FILE – A view of the FDA seal displayed inside the Hubert Humphrey Building’s auditorium in Washington. (AP Photo/Jose Luis Magana, File)
Sarepta Therapeutics, the biotech company behind the gene therapy Elevidys, has made a bold move. On Friday night, the company publicly announced that it will not stop shipping its muscular dystrophy treatment, even after a third patient death prompted a direct request from the U.S. Food and Drug Administration (FDA).
The FDA had urged Sarepta to suspend all sales of Elevidys, a one-time gene therapy for Duchenne muscular dystrophy (DMD), following concerns over safety. But Sarepta refused.
This decision comes as the company reels from recent setbacks—including a 35% drop in share price, the loss of 500 employees, and mounting pressure over its handling of adverse events linked to its treatments.
FDA vs Sarepta: A Rare Stand-Off
In an unusual turn, the FDA issued a statement late Friday confirming that Sarepta declined to follow its recommendation to halt the therapy’s distribution. While the agency has the power to remove a drug from the market, the process typically involves a slow, formal regulatory pathway. Companies usually comply voluntarily to avoid further scrutiny.
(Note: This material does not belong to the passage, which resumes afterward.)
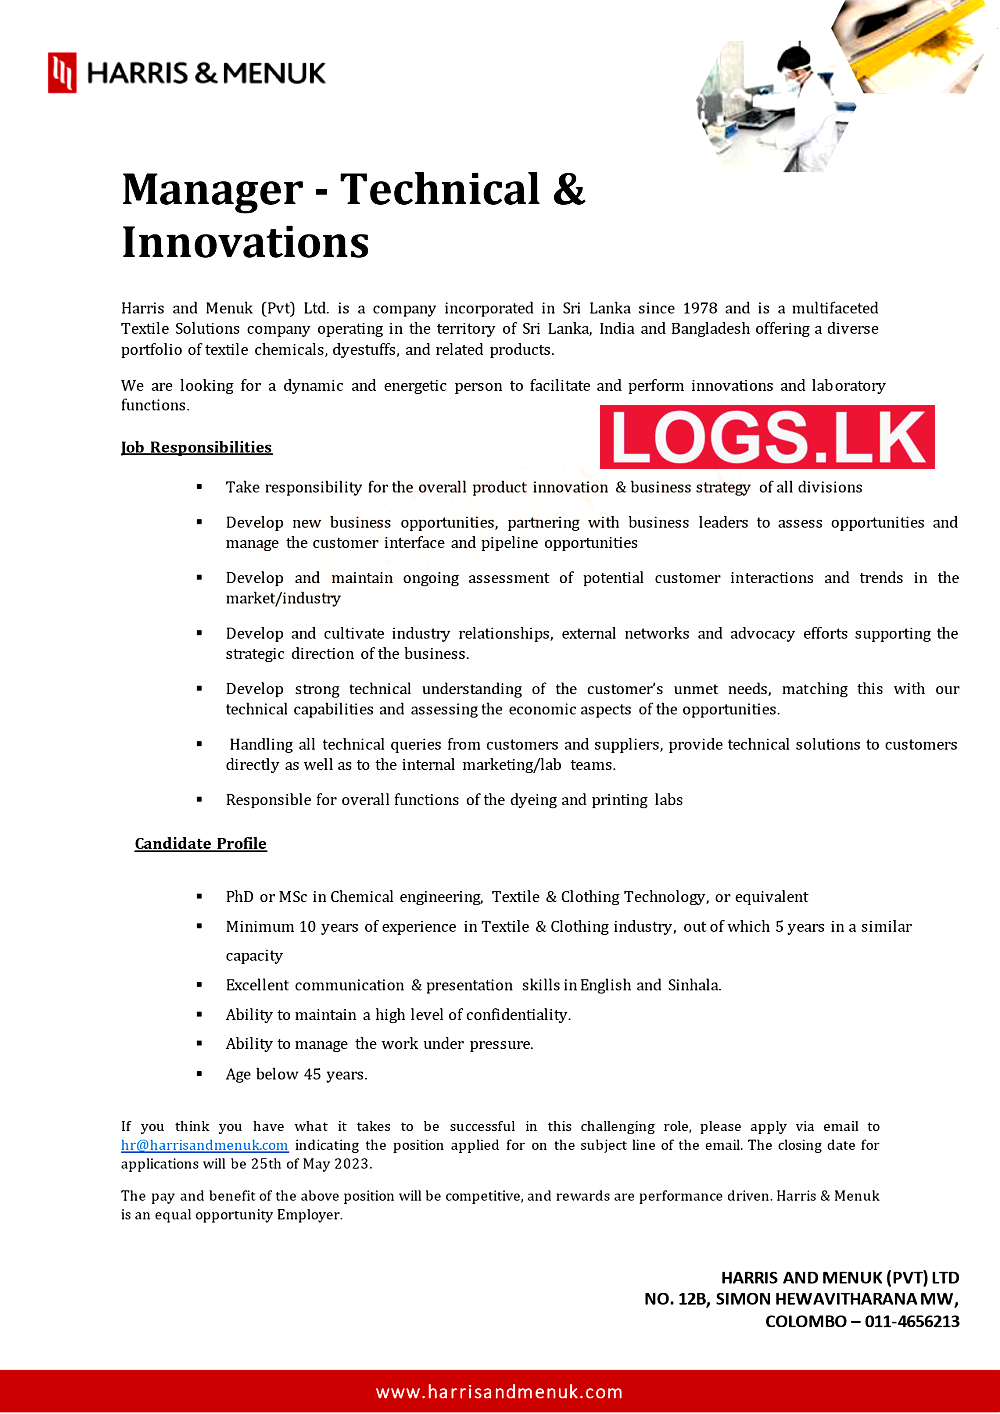 Manager (Technical & Innovations) Job at Harris & Menuk (Pvt) Ltd Job Vacancies

FDA Commissioner Dr. Marty Makary emphasized their concern, saying, “We’re committed to ensuring patients have access to breakthrough drugs—but we won’t hesitate to intervene if safety is at risk.”
What Is Elevidys and Why Is It Under Fire?
Elevidys is the first gene therapy approved in the U.S. for treating Duchenne muscular dystrophy—a deadly muscle-wasting condition primarily affecting boys. Approved in 2023, the drug has always been under a cloud of skepticism. Some FDA scientists questioned its effectiveness from the beginning.
Initially authorized only for younger children who could still walk, its approval was later expanded to include older patients, even those who had lost mobility. But the deaths of two teenage boys last month—both of whom were receiving the therapy—forced Sarepta to halt shipments for this group.
A Third Death Raises Alarms
Adding to the crisis, Sarepta confirmed a third patient death on Friday: a 51-year-old man participating in a clinical trial for a separate muscular dystrophy therapy. Though the therapy used a different dose and manufacturing process, all three deaths were tied to liver damage—a known risk highlighted in Elevidys’ safety profile.
This third death had already been reported to the FDA on June 20, which responded by pausing the trial. However, Sarepta’s recent communications to investors did not mention the incident, a move that sparked sharp criticism from analysts.
Damage Control: Warnings, Layoffs, and Questions
Earlier this week, Sarepta said it would add a bold warning label to Elevidys. It also announced it would cut one-third of its workforce to manage costs. However, analysts were taken aback when the company omitted any reference to the third fatality during its press call.
Meanwhile, Sarepta insists that there are “no new safety concerns” for younger patients in the early stages of DMD. The company says it will continue to supply Elevidys for them and cooperate with the FDA in ongoing discussions.
Past Approvals, Ongoing Doubts
Sarepta has received FDA clearance for three other Duchenne treatments since 2016. But none of these drugs have been conclusively proven to work. Critics say Sarepta repeatedly fails to complete required studies that would cement the treatments’ legitimacy.
Now, with its stock tumbling to just $14.07 and its credibility questioned, Sarepta stands at a crossroads. Its refusal to pause Elevidys shipments, despite fatal outcomes, may become a defining moment—for better or worse.